» **Task data**
= Beginning of Section =

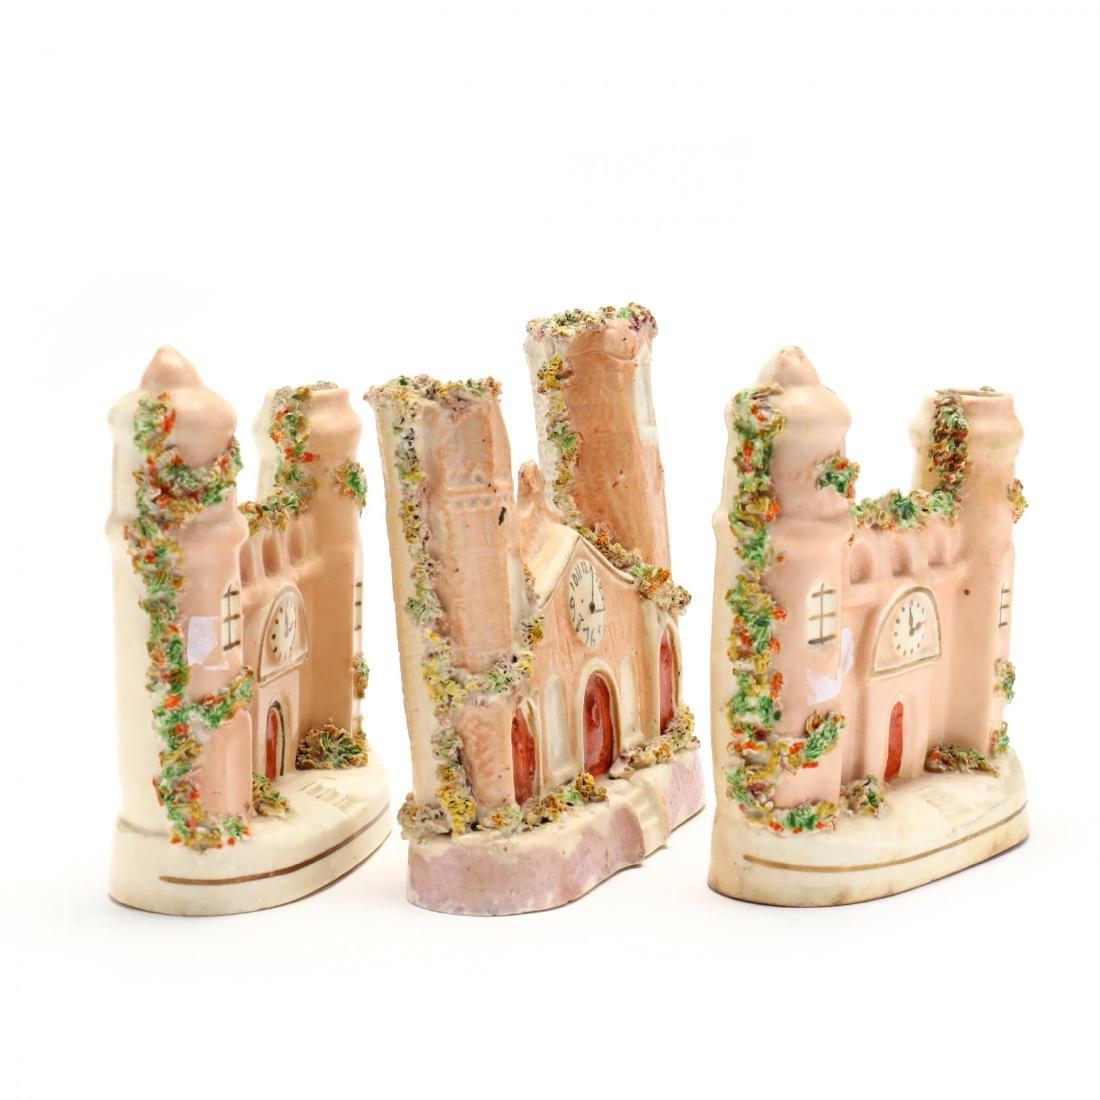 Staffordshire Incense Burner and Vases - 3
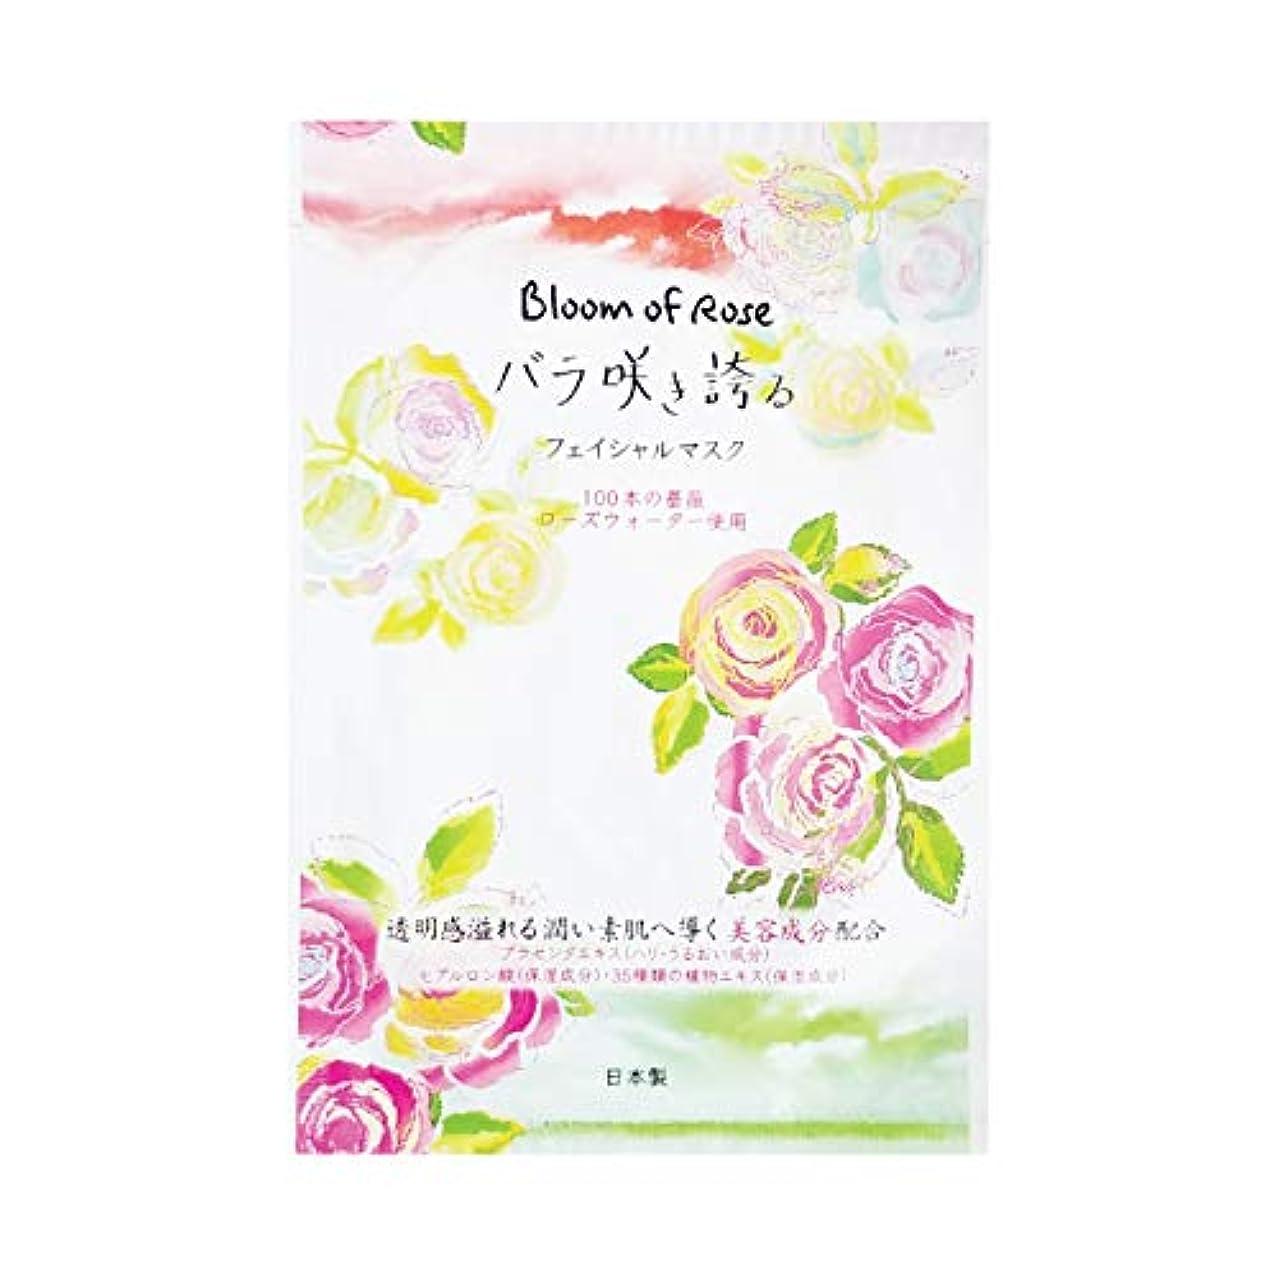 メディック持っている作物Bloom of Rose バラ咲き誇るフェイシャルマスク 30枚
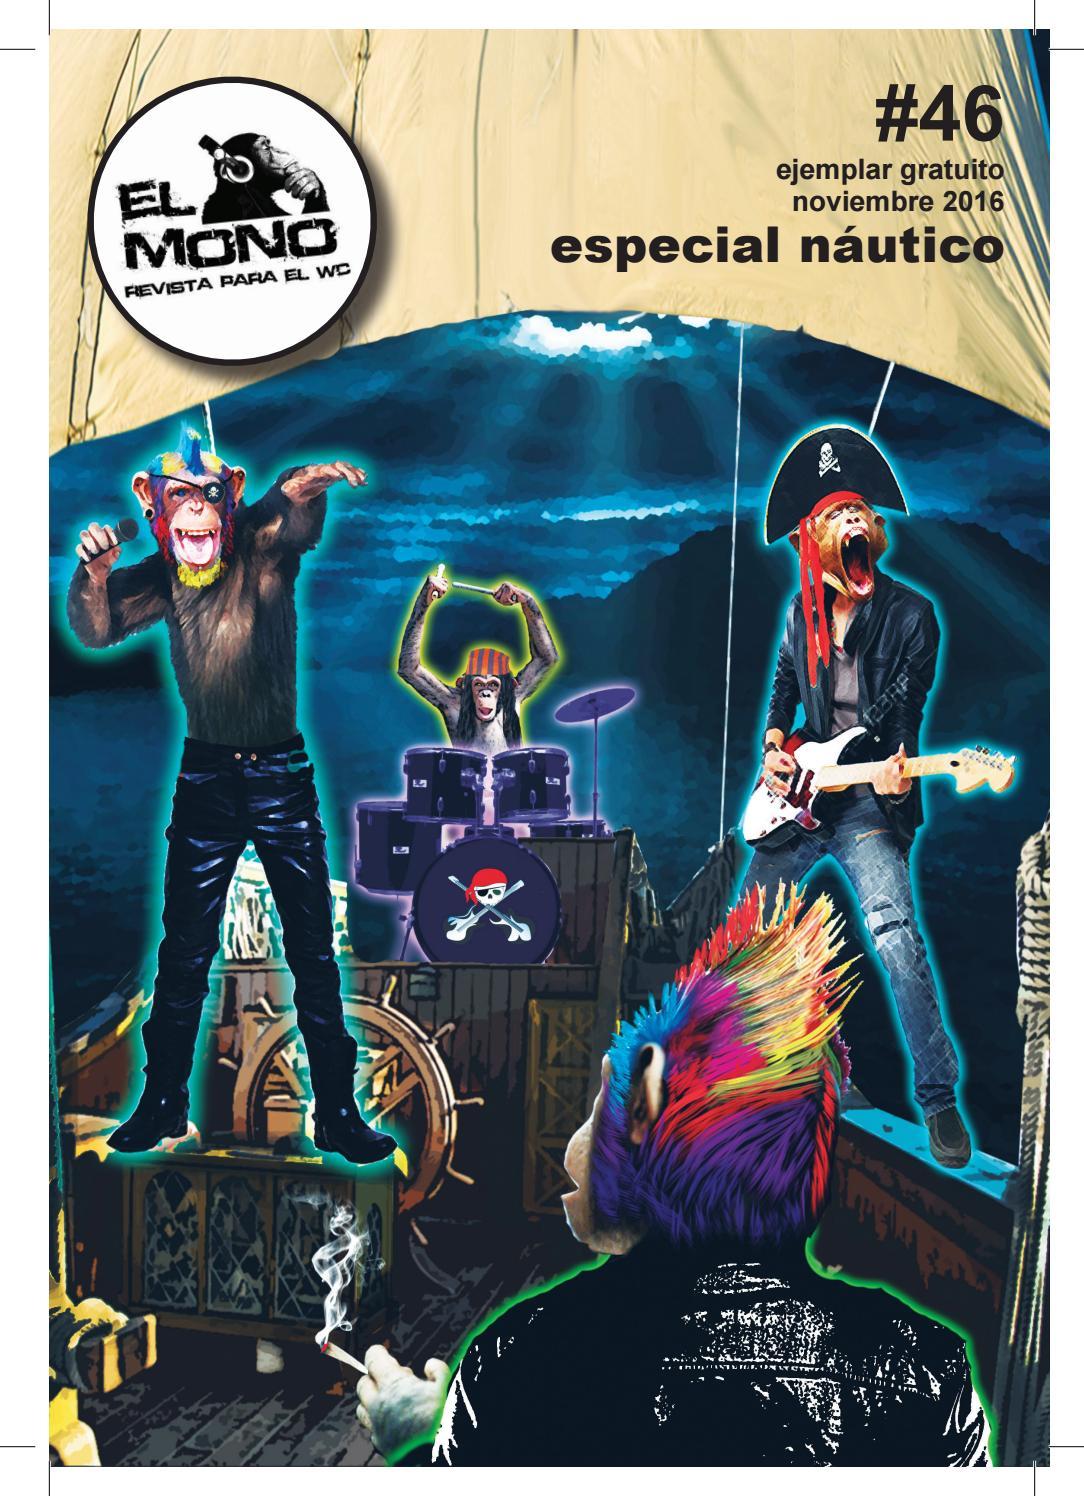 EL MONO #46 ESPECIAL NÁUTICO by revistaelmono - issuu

= End of Section =
= Beginning of Section =

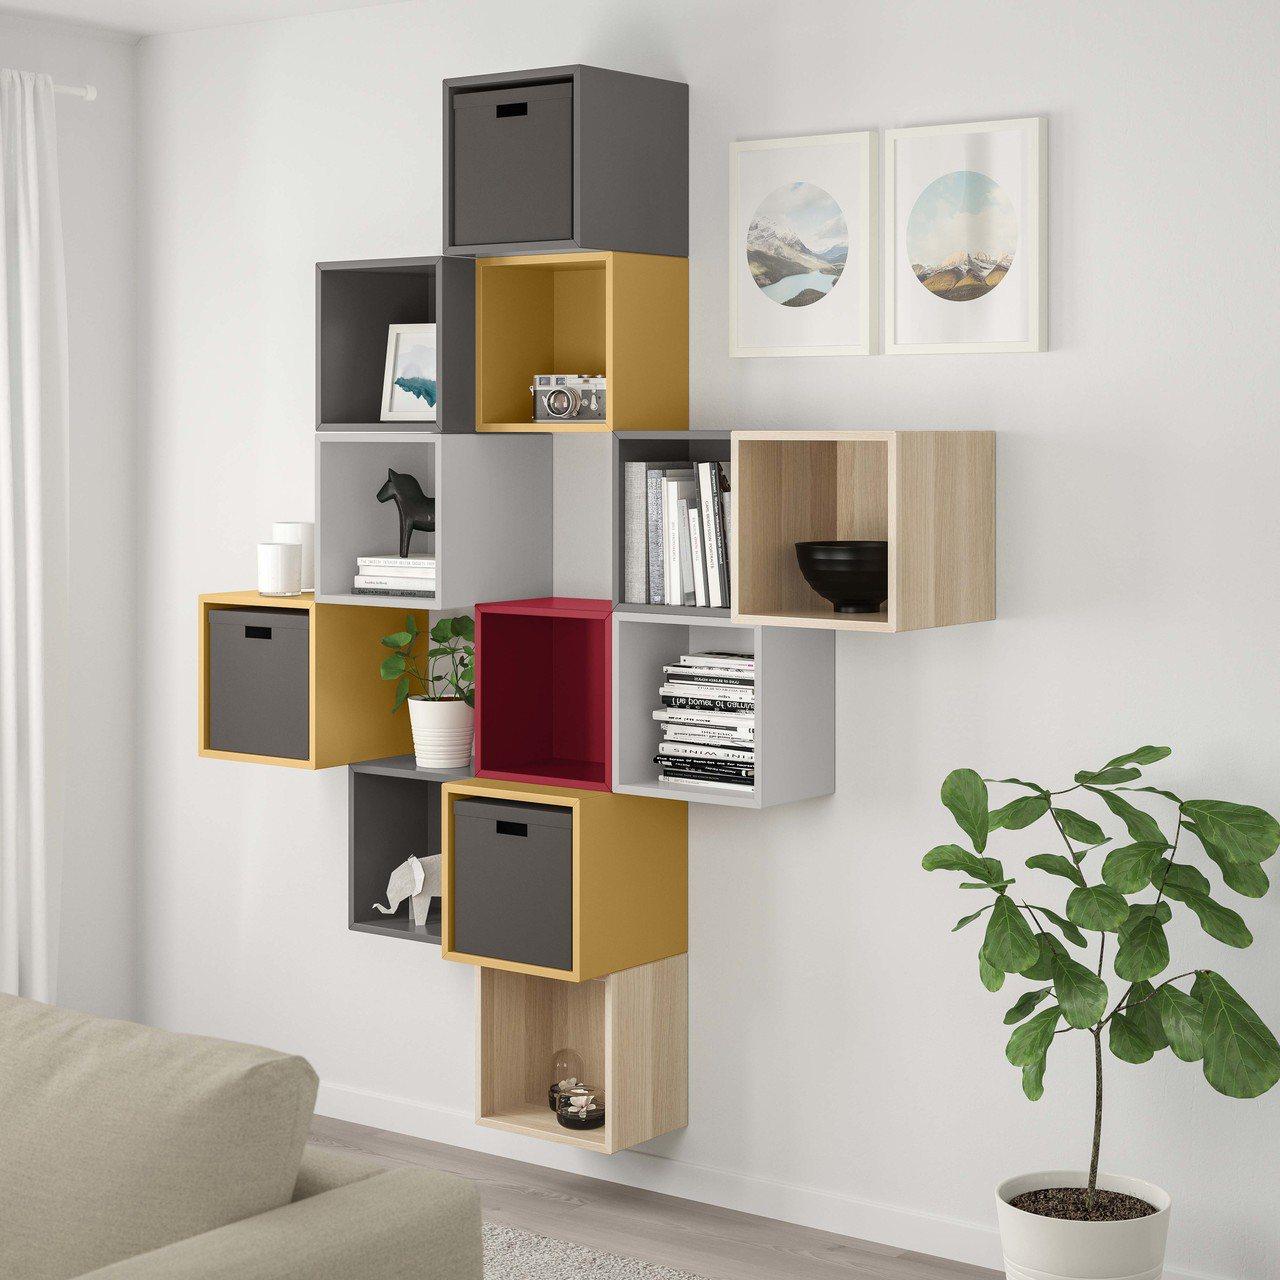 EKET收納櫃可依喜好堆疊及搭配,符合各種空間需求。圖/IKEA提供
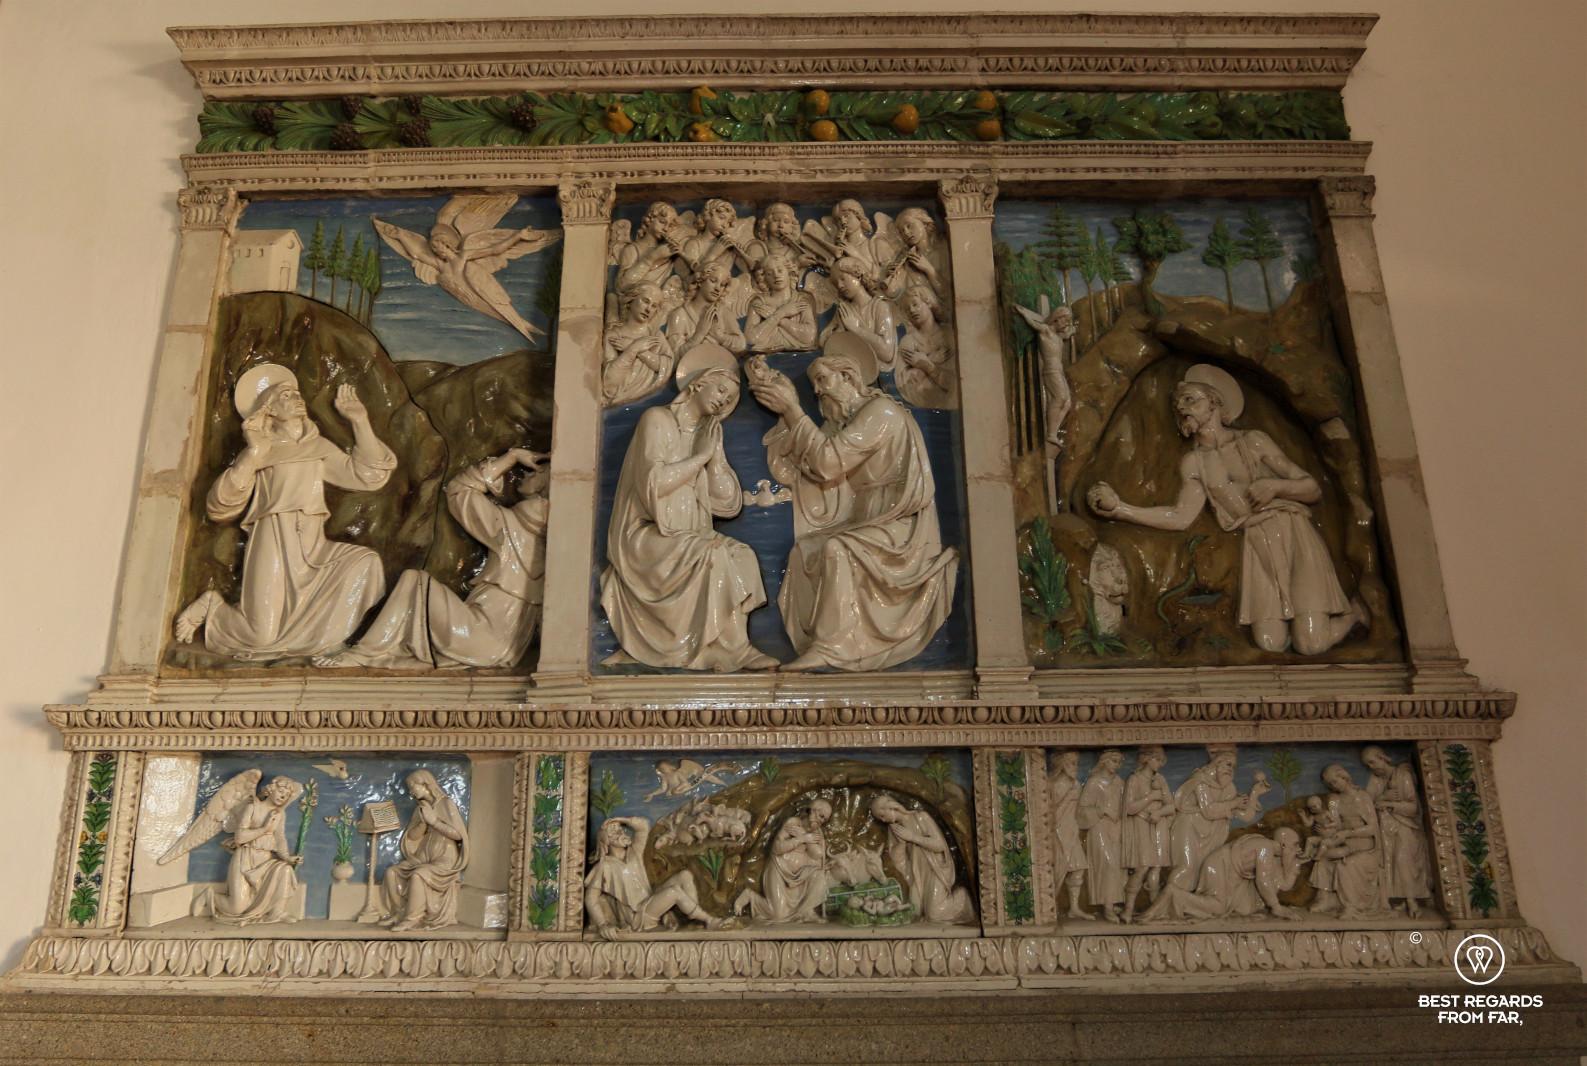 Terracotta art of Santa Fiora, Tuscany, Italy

= End of Section =

» **What is expected**
Keep to the stretch from the line containing "Staffordshire Incense Burner and Vases - 3" through the line containing "EL MONO #46", both ends included, and copy it exactly from the listing above, minus the pictures.

» **Solution for this task**
 Staffordshire Incense Burner and Vases - 3
 メディック持っている作物Bloom of Rose バラ咲き誇るフェイシャルマスク 30枚
 EL MONO #46 ESPECIAL NÁUTICO by revistaelmono - issuu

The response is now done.